Instructions for the task: Your output is to consist only of the line containing "GANNI boots | トゥモローランド 公式通販" and the lines after it, through the end of the data, reproduced exactly.

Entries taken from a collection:
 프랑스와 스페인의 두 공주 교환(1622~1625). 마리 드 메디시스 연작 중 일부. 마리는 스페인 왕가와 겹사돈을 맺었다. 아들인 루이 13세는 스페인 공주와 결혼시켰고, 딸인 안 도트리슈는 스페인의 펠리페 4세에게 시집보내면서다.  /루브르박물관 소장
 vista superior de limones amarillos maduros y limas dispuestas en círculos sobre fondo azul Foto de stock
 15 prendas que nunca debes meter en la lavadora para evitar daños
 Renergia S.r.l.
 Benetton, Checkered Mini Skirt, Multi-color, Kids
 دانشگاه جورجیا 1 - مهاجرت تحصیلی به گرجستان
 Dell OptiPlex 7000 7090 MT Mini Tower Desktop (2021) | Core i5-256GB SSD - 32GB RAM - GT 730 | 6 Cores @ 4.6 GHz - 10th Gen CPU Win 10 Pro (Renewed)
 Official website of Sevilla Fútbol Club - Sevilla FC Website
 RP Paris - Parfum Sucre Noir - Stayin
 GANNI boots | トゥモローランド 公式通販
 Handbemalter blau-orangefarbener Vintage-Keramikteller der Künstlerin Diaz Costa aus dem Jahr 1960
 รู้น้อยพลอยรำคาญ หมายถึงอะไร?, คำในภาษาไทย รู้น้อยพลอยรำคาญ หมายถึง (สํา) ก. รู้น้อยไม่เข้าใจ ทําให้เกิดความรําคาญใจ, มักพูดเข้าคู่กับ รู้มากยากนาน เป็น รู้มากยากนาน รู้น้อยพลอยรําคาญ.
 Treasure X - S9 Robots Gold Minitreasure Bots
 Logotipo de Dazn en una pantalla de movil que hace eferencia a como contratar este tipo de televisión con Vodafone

Response to this exercise:
 GANNI boots | トゥモローランド 公式通販
 Handbemalter blau-orangefarbener Vintage-Keramikteller der Künstlerin Diaz Costa aus dem Jahr 1960
 รู้น้อยพลอยรำคาญ หมายถึงอะไร?, คำในภาษาไทย รู้น้อยพลอยรำคาญ หมายถึง (สํา) ก. รู้น้อยไม่เข้าใจ ทําให้เกิดความรําคาญใจ, มักพูดเข้าคู่กับ รู้มากยากนาน เป็น รู้มากยากนาน รู้น้อยพลอยรําคาญ.
 Treasure X - S9 Robots Gold Minitreasure Bots
 Logotipo de Dazn en una pantalla de movil que hace eferencia a como contratar este tipo de televisión con Vodafone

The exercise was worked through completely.